As part of this change, Carrier Strike Group (CSG) 10 staff members, who previously embarked aboard Truman, will embark aboard Eisenhower. Conversely, CSG 8 staff members, who previously embarked aboard Eisenhower, will now embark aboard Truman. This schedule change does not affect any other ship, squadron, or staff schedules.
Crests and Emblems
Just as branches of the government have emblems to distinguish their respective organizations from one another, Naval vessels do as well. The seal, designed by the crew of USS Harry S Truman, is a way of symbolizing and honoring the ship's namesake. Every aspect of the seal has relevance.
Blue and gold, long recognized as the colors of the sea service, were adopted from the Department of Defense Seal and used as a reference to President Harry S Truman's development of our nation's Defense Department.
Oval in shape, the coat of arms characterizes the global on-station capability of the ship and the United States Navy. Truman's name forms the shape of a forward-deployed aircraft carrier prepared to uphold and protect American interests.
The eagles assume a dominant presence denoting command of the sea, strength and authority, yet one grasps an olive branch, emphasizing the carrier's peacekeeping mission and Harry S Truman's attitude: "To bear no malice." The eagle embodies the principles of integrity and honesty which personify Truman's attitudes and beliefs.
The encased signal flag inscription spells H S T and is flanked by wreaths denoting the honor and achievement which President Truman accomplished and the ship strives to achieve.
Thirty-three gold stars commemorate Harry S Truman's term as 33rd president of the United States.

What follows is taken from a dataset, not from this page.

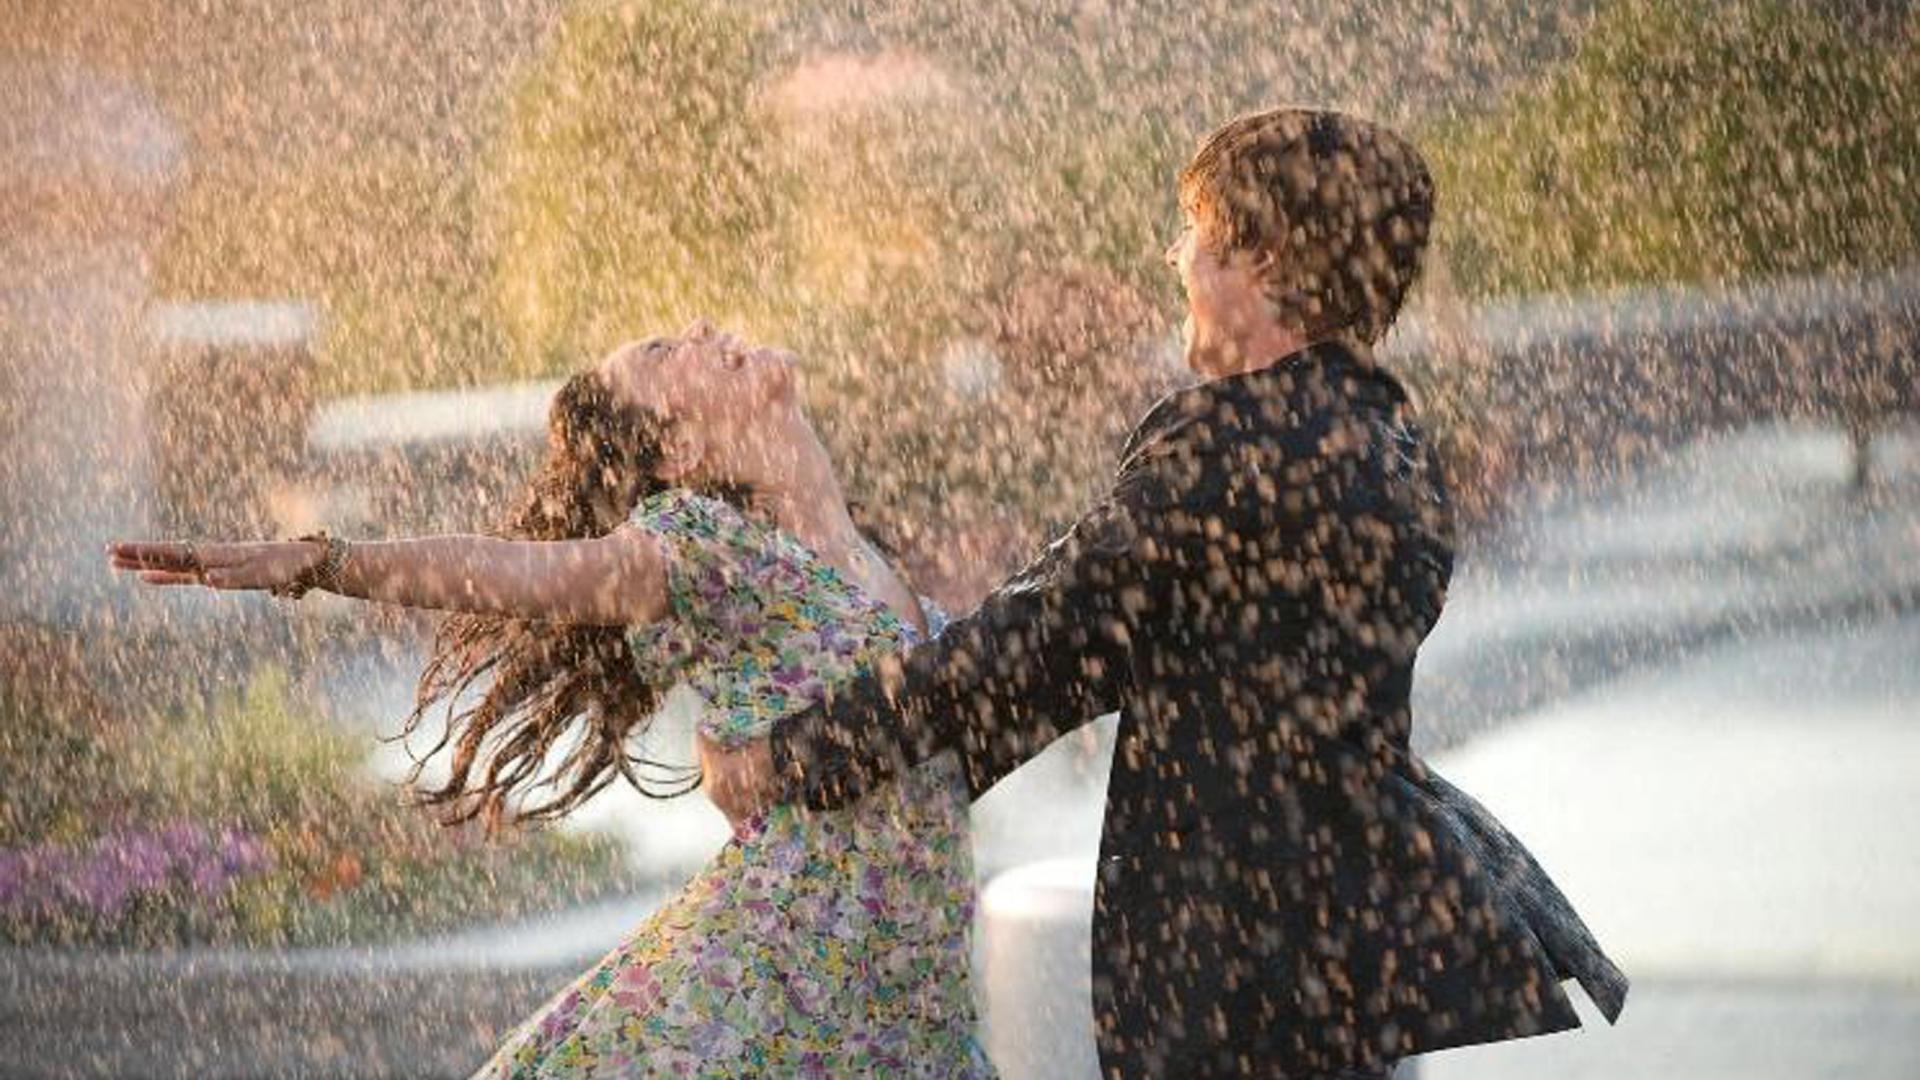 Couple Love Rain HD Wallpaper of Love   hdwallpaper2013com 1920x1080

The ship's motto, "The Buck Stops Here," derives from President Truman's belief that he ultimately bore the responsibility for making the final decision. Passing the buck was not an option. Through decisive leadership, commitment to excellence, and eternal vigilance, the officers and crew of Harry S Truman strive to fulfill President Truman's principles.
Steeped in tradition, every U.S. naval vessel has flown a battle flag from its mast during special evolutions. The crew of USS Harry S Truman (CVN 75) designed her battle flag as more than a tribute to the ship's namesake.

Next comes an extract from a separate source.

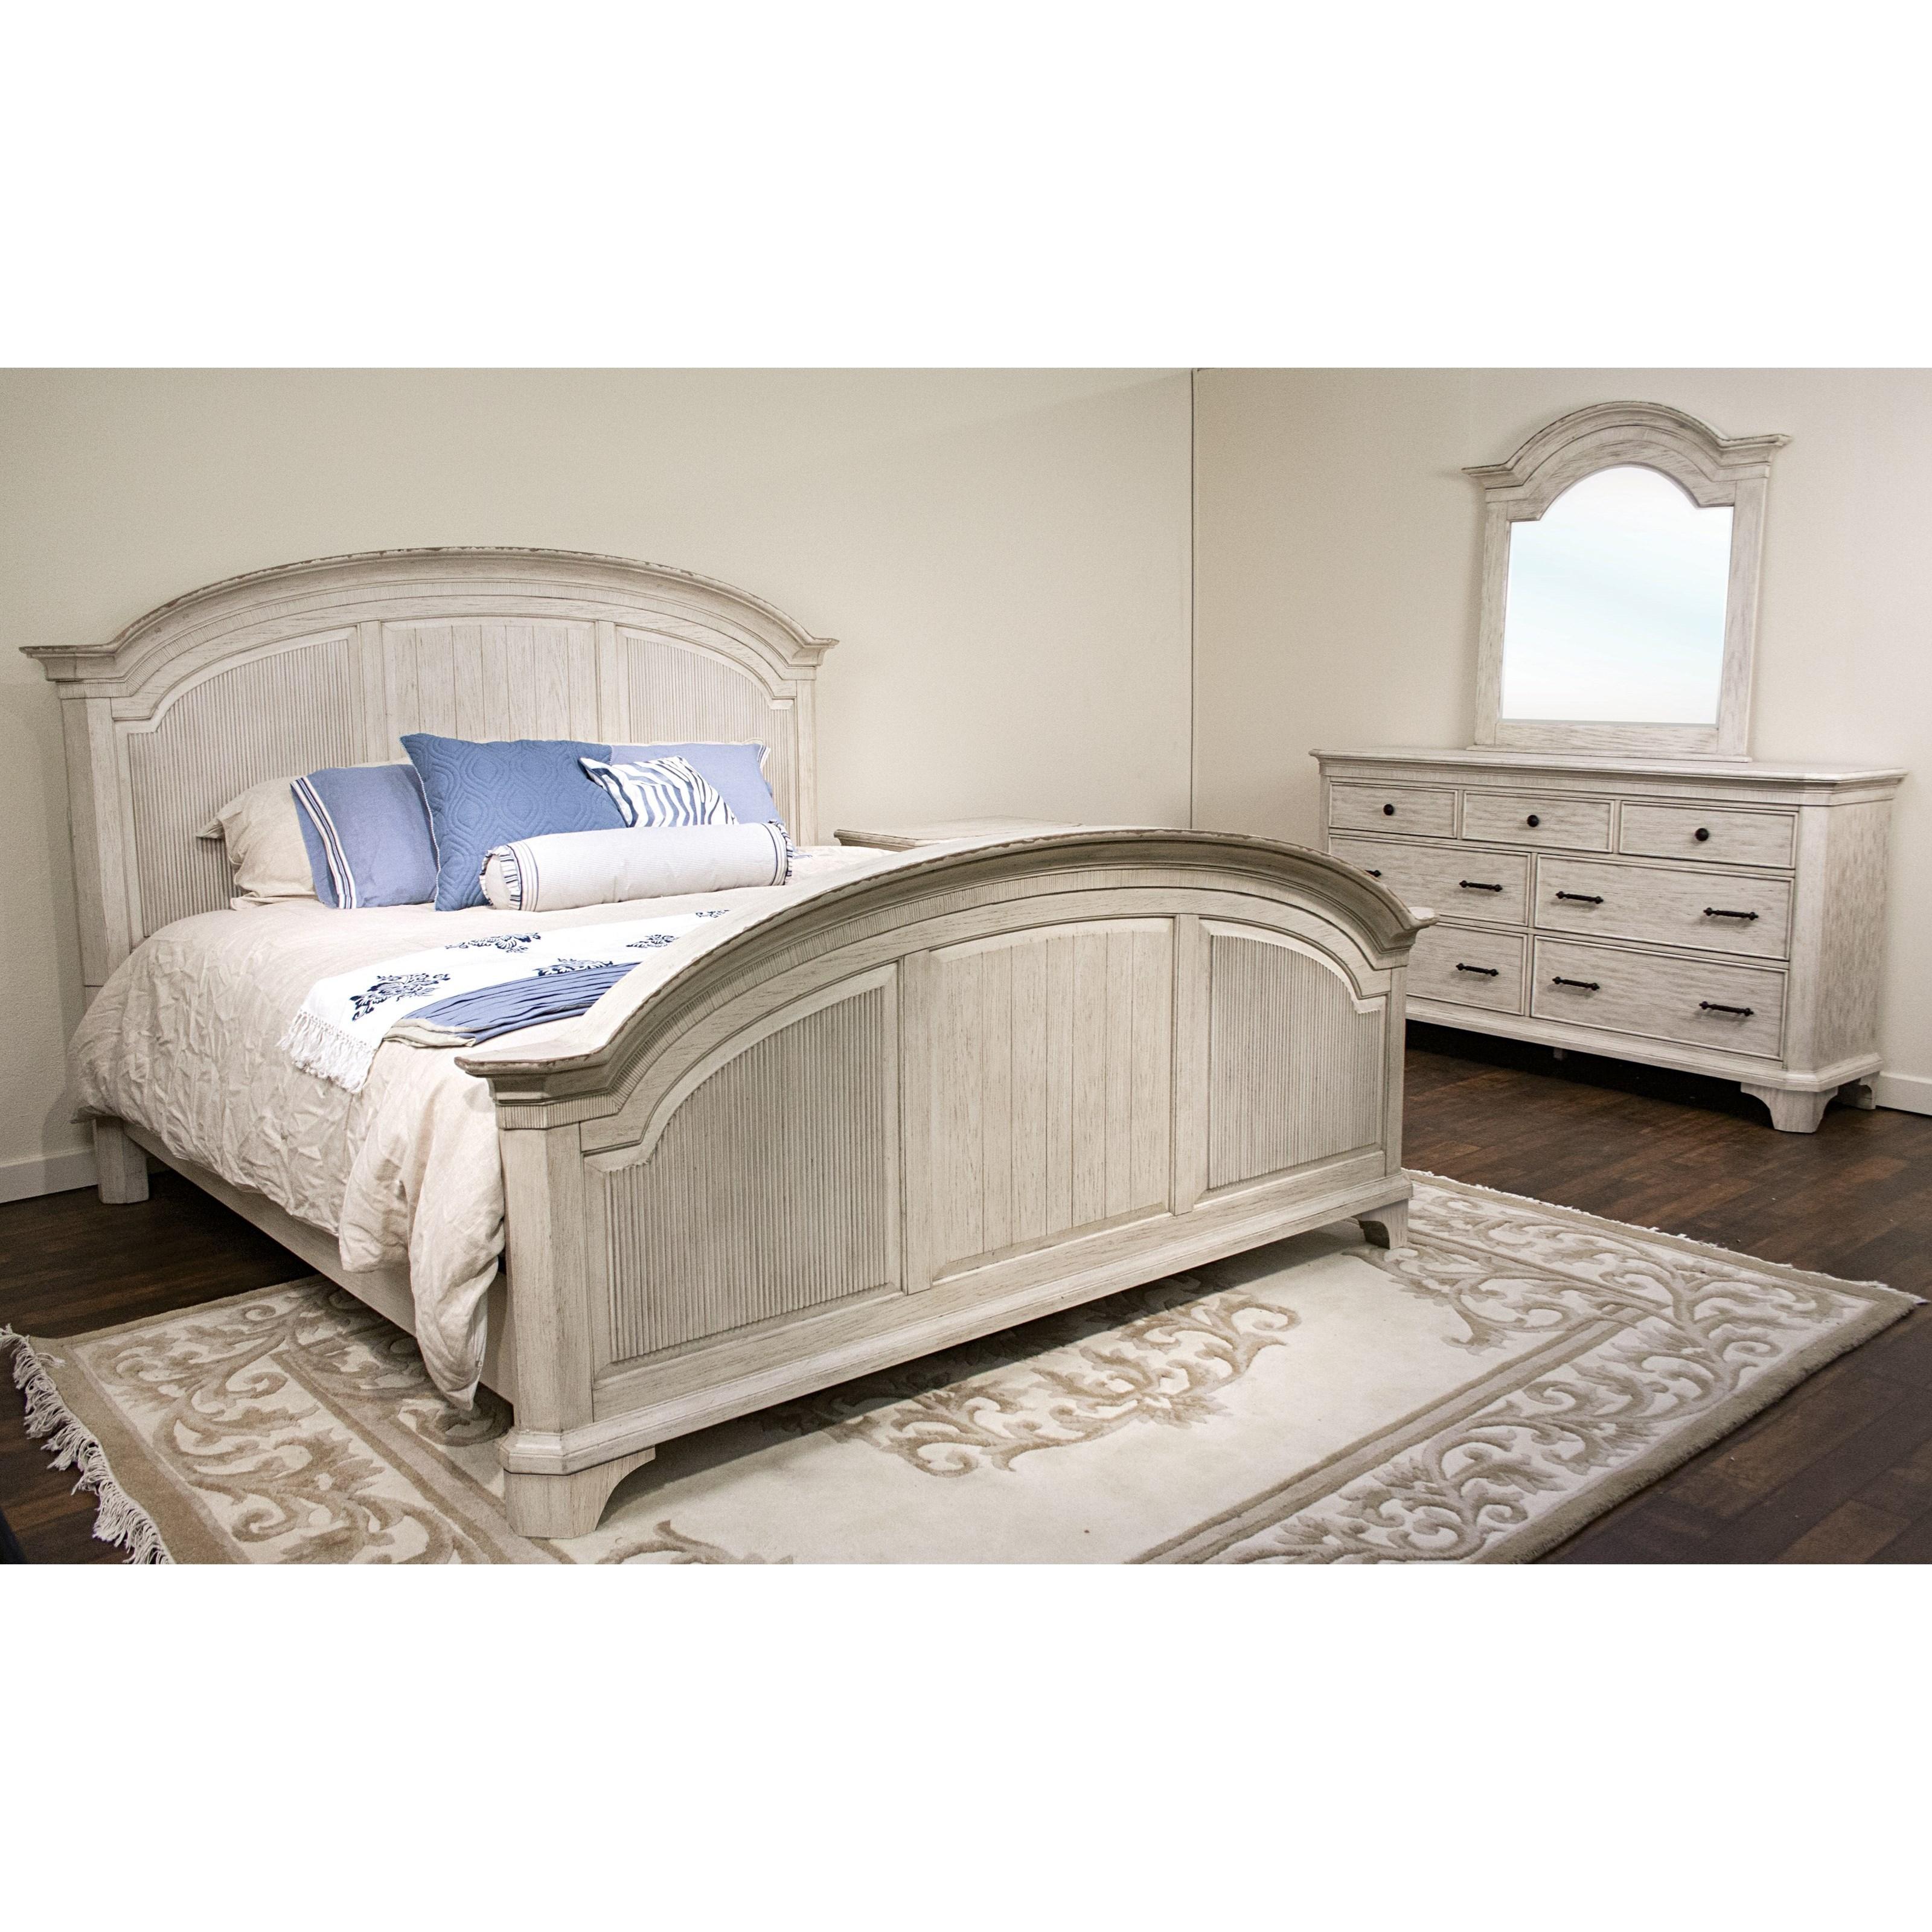 Riverside Furniture Aberdeen King Bedroom Group 3 - Item Number: 212 K Bedroom Group 3

TRUMAN's battle flag is a variation of the flag carried by the 129th Field Artillery Regiment of the 35th Division, the battery under the command of, then, Capt. Harry Truman during World War I.
The scarlett background is representative of the price Americans have paid for freedom throughout history, symbolizing President Truman's thoughts on American independence. "Freedom, in the American tradition, is always coupled with service . it still costs money. It still costs blood. . Freedom must be fought for today, just as our fathers had to fight for freedom when the nation was born."

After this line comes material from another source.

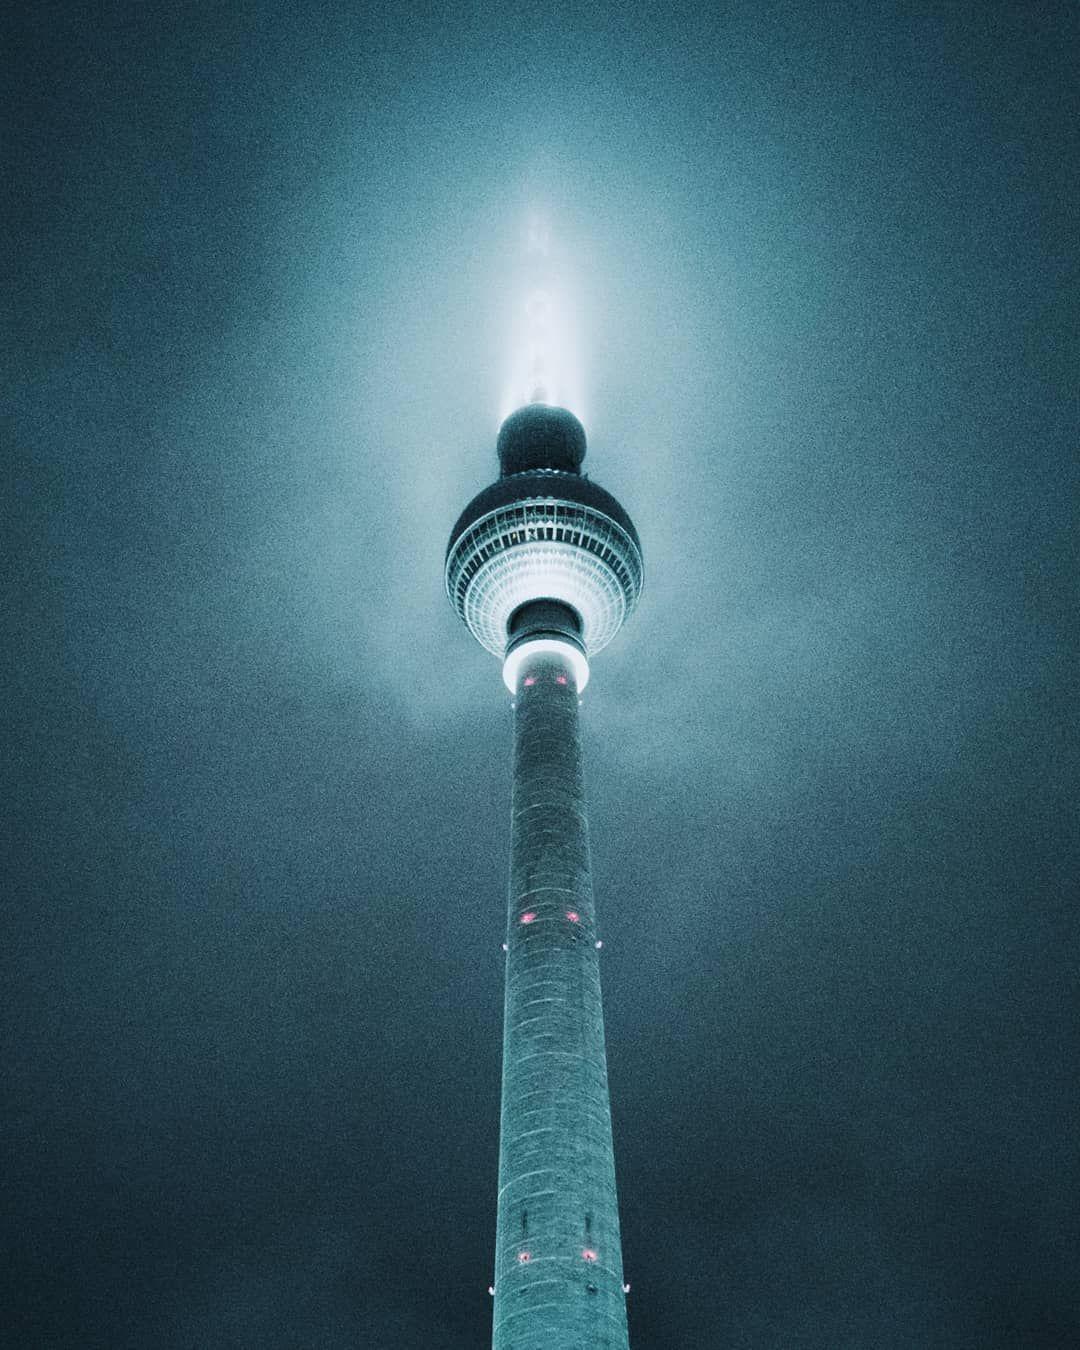 Berliner Fernsehturm Zum Ausdrucken - BERLINGERMAN

The crossed cannons that once represented Battery D now seem to greater exemplify Truman's leadership and dedication to service during WWI. Ironically, the cannons are French 75s, the type of cannon Battery D fired during some of the fighting in France. The swallowtail design, crossed cannons, "129" and "D" comprised the original battle flag. The original components of the battle flag are superimposed on TRUMAN's hull number, signifying the relationship between the firepower of the past and present.
"Give 'em hell" has become the carrier's battle cry and is part of Truman's legacy. The phrase was first mentioned during Truman's 1948 re-election campaign during his 21,928-mile "whistle stop" rail tour. He delivered more than 300 speeches in 33 days to an estimated six million citizens, something no president had done before to meet the people. In Seattle, Truman was holding an enthusiastic campaign rally when someone cried, "Give 'em hell, Harry!"
Truman later wrote, "I have never deliberately given anyone hell. I just told the truth on the opposition and they thought it was hell."